@ted_dunning recently updated the t-Digest algorithm he created back in 2013. What is this “t-digest”? Fundamentally, it is a probabilistic data structure for estimating any percentile of distributed/streaming data. Ted explains it quite elegantly in this short video:
Said video has a full transcript as well.
T-digests have been baked into many “big data” analytics ecosystems for a while but I hadn’t seen any R packages for them (ref any in a comment if you do know of some) so I wrapped one of the low-level implementation libraries by ajwerner into a diminutive R package boringly, but appropriately named tdigest
:
There are wrappers for the low-level accumulators and quantile/value extractors along with vectorised functions for creating t-digest objects and retrieving quantiles from them (including a tdigest
S3 method for stats::quantile()
).
This:
install.packages("tdigest", repos="https://cinc.rud.is/")

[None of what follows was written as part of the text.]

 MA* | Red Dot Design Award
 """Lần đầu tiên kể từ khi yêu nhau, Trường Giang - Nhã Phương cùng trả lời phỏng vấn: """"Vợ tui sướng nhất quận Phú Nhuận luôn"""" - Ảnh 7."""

will install from source or binaries onto your system(s).
Basic Ops
The low-level interface is more useful in “streaming” operations (i.e. accumulating input over time):
set.seed(2019-04-03)
td <- td_create()
for (i in 1:100000) {
td_add(td, sample(100, 1), 1)
}
quantile(td)
## [1] 1.00000 25.62222 53.09883 74.75522 100.00000
More R-like Ops
Vectorisation is the name of the game in R and we can use tdigest()
to work in a vectorised manner:
set.seed(2019-04-03)
x <- sample(100, 1000000, replace=TRUE)
td <- tdigest(x)
quantile(td)
## [1] 1.00000 25.91914 50.79468 74.76439 100.00000
Need for Speed
The t-digest algorithm was designed for both streaming operations and speed. It’s pretty, darned fast:
microbenchmark::microbenchmark(
tdigest = tquantile(td, c(0, 0.01, 0.1, 0.2, 0.3, 0.4, 0.5, 0.6, 0.7, 0.8, 0.9, 0.99, 1)),
r_quantile = quantile(x, c(0, 0.01, 0.1, 0.2, 0.3, 0.4, 0.5, 0.6, 0.7, 0.8, 0.9, 0.99, 1))
)
## Unit: microseconds
## expr min lq mean median uq max neval
## tdigest 22.81 26.6525 48.70123 53.355 63.31 151.29 100
## r_quantile 57675.34 59118.4070 62992.56817 60488.932 64731.23 160130.50 100
Note that “accurate” is not the same thing as “precise”, so regular quantile ops in R will be close to what t-digest computes, but not always exactly the same.
FIN
This was a quick (but, complete) wrapper and could use some tyre kicking. I’ve a mind to add serialization to the C implementation so I can then enable [de]serialization on the R-side since that would (IMO) make t-digest ops more useful in an R-context, especially since you can merge two different t-digests.
As always, code/PR where you want to and file issues with any desired functionality/enhancements.
Also, whomever started the braces notation for package names (e.g. {ggplot2}): brilliant!
Latest comments (1)
Hey, author of tdigestc here. Super happy to see you found it useful. Let me know if you have any questions or comments about the library. Also curious to hear if you had any trouble wrapping it for use in R.
The data structure in the library is based on the newer update to @ted_dunning's great work but the scale function is still using the older version. If you're finding traction, I'd be happy to extend it. In the meantime I had shifted my focus to a more featureful go implementation github.com/ajwerner/tdigest.